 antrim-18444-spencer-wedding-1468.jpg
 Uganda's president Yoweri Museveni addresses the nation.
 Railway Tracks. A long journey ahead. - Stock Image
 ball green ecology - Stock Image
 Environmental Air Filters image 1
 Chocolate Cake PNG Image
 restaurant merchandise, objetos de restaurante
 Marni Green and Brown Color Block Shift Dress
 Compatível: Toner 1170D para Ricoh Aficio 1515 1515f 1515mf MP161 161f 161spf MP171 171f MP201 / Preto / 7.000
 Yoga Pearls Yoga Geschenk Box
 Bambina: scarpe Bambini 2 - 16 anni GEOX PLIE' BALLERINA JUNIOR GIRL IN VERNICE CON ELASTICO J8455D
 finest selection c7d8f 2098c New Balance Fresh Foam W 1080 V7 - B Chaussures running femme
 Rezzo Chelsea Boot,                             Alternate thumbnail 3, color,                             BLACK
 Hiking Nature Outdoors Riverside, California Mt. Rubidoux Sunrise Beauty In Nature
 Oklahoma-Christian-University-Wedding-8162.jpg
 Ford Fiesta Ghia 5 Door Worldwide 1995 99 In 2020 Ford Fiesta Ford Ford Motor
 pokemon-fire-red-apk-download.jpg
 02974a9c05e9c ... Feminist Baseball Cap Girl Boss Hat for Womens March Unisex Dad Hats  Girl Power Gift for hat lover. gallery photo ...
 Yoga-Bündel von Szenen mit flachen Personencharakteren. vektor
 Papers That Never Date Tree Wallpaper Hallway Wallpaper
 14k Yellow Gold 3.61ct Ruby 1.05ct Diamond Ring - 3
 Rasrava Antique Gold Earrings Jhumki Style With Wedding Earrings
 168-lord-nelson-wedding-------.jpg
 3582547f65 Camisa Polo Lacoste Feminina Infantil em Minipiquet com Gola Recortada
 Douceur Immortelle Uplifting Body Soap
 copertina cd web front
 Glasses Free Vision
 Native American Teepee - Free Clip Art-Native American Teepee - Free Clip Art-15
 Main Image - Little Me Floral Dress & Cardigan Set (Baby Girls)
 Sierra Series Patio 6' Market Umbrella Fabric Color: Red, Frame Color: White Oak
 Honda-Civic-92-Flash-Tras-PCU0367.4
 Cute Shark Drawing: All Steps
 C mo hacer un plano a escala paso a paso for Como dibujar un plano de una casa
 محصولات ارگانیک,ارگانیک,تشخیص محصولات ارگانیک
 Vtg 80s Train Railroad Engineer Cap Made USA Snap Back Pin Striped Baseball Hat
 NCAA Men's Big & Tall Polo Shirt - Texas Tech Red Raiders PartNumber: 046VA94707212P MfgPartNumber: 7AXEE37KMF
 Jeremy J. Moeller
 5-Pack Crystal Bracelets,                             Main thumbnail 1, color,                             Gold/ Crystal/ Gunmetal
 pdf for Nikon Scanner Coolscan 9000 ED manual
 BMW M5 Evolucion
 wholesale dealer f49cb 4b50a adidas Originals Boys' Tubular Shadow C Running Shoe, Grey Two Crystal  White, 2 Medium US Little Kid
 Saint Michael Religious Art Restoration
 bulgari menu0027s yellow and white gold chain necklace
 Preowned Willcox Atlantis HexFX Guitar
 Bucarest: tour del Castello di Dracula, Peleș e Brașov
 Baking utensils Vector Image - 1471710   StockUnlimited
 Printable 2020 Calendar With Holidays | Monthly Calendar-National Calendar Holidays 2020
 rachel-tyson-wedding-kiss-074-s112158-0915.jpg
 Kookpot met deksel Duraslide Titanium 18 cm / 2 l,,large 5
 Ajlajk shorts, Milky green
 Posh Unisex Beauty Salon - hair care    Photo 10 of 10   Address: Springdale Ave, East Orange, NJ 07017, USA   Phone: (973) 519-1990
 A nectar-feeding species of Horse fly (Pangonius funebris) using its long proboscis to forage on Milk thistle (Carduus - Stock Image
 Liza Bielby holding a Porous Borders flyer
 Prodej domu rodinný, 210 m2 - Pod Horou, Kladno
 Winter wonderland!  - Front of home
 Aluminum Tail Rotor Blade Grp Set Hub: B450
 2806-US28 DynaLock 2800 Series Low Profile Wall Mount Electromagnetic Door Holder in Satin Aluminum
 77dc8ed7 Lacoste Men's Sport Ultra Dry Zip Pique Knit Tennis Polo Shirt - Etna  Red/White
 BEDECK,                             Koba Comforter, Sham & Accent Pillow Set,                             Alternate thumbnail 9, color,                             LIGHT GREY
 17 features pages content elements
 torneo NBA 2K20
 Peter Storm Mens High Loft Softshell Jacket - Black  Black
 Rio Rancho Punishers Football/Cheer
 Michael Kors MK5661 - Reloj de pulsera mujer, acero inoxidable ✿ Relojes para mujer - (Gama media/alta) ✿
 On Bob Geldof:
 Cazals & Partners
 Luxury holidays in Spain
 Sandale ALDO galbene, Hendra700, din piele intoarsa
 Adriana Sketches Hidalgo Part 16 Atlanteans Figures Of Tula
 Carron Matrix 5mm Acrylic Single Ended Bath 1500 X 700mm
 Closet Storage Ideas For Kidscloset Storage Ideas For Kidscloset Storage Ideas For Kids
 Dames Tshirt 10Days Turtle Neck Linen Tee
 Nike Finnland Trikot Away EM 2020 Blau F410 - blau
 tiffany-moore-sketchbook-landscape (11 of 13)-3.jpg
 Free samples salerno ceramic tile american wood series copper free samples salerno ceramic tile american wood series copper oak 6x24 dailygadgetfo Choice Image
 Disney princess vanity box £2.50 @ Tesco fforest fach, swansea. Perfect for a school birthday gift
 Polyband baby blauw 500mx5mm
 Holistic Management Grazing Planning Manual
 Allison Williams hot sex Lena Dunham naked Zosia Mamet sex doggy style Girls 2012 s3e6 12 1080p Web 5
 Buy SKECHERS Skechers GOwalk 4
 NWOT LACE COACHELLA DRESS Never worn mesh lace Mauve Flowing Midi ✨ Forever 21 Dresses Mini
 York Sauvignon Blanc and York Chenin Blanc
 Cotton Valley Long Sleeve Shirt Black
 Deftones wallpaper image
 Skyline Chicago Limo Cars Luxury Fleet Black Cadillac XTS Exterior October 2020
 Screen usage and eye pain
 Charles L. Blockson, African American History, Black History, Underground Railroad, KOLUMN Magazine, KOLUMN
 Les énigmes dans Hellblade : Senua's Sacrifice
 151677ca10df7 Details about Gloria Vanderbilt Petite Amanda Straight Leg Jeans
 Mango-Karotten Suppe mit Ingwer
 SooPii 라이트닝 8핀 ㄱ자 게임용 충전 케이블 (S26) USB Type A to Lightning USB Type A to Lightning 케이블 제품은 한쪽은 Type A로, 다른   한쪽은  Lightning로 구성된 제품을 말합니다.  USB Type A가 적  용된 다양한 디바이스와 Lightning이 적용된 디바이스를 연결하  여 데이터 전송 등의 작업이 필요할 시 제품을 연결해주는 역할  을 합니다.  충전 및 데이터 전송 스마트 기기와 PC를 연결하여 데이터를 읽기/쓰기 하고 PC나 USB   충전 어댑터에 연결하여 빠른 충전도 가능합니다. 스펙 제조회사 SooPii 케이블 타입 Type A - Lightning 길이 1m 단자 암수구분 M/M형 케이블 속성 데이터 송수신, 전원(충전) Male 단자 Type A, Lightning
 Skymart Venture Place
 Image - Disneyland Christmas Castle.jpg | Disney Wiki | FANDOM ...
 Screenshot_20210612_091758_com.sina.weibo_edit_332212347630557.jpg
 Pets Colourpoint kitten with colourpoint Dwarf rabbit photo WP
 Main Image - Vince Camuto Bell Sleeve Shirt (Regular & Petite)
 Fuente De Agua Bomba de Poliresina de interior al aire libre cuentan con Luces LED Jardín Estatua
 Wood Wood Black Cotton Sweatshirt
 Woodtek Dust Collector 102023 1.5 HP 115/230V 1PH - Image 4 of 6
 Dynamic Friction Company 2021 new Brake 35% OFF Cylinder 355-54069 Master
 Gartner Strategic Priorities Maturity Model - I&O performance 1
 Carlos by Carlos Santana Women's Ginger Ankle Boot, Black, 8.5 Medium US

#####

Assignment:
There is a line with "Liza Bielby holding a Porous Borders flyer" and a line with "Closet Storage Ideas For Kidscloset" above. Copy exactly those two lines and all lines between them, with nothing else.

Response area:
 Liza Bielby holding a Porous Borders flyer
 Prodej domu rodinný, 210 m2 - Pod Horou, Kladno
 Winter wonderland!  - Front of home
 Aluminum Tail Rotor Blade Grp Set Hub: B450
 2806-US28 DynaLock 2800 Series Low Profile Wall Mount Electromagnetic Door Holder in Satin Aluminum
 77dc8ed7 Lacoste Men's Sport Ultra Dry Zip Pique Knit Tennis Polo Shirt - Etna  Red/White
 BEDECK,                             Koba Comforter, Sham & Accent Pillow Set,                             Alternate thumbnail 9, color,                             LIGHT GREY
 17 features pages content elements
 torneo NBA 2K20
 Peter Storm Mens High Loft Softshell Jacket - Black  Black
 Rio Rancho Punishers Football/Cheer
 Michael Kors MK5661 - Reloj de pulsera mujer, acero inoxidable ✿ Relojes para mujer - (Gama media/alta) ✿
 On Bob Geldof:
 Cazals & Partners
 Luxury holidays in Spain
 Sandale ALDO galbene, Hendra700, din piele intoarsa
 Adriana Sketches Hidalgo Part 16 Atlanteans Figures Of Tula
 Carron Matrix 5mm Acrylic Single Ended Bath 1500 X 700mm
 Closet Storage Ideas For Kidscloset Storage Ideas For Kidscloset Storage Ideas For Kids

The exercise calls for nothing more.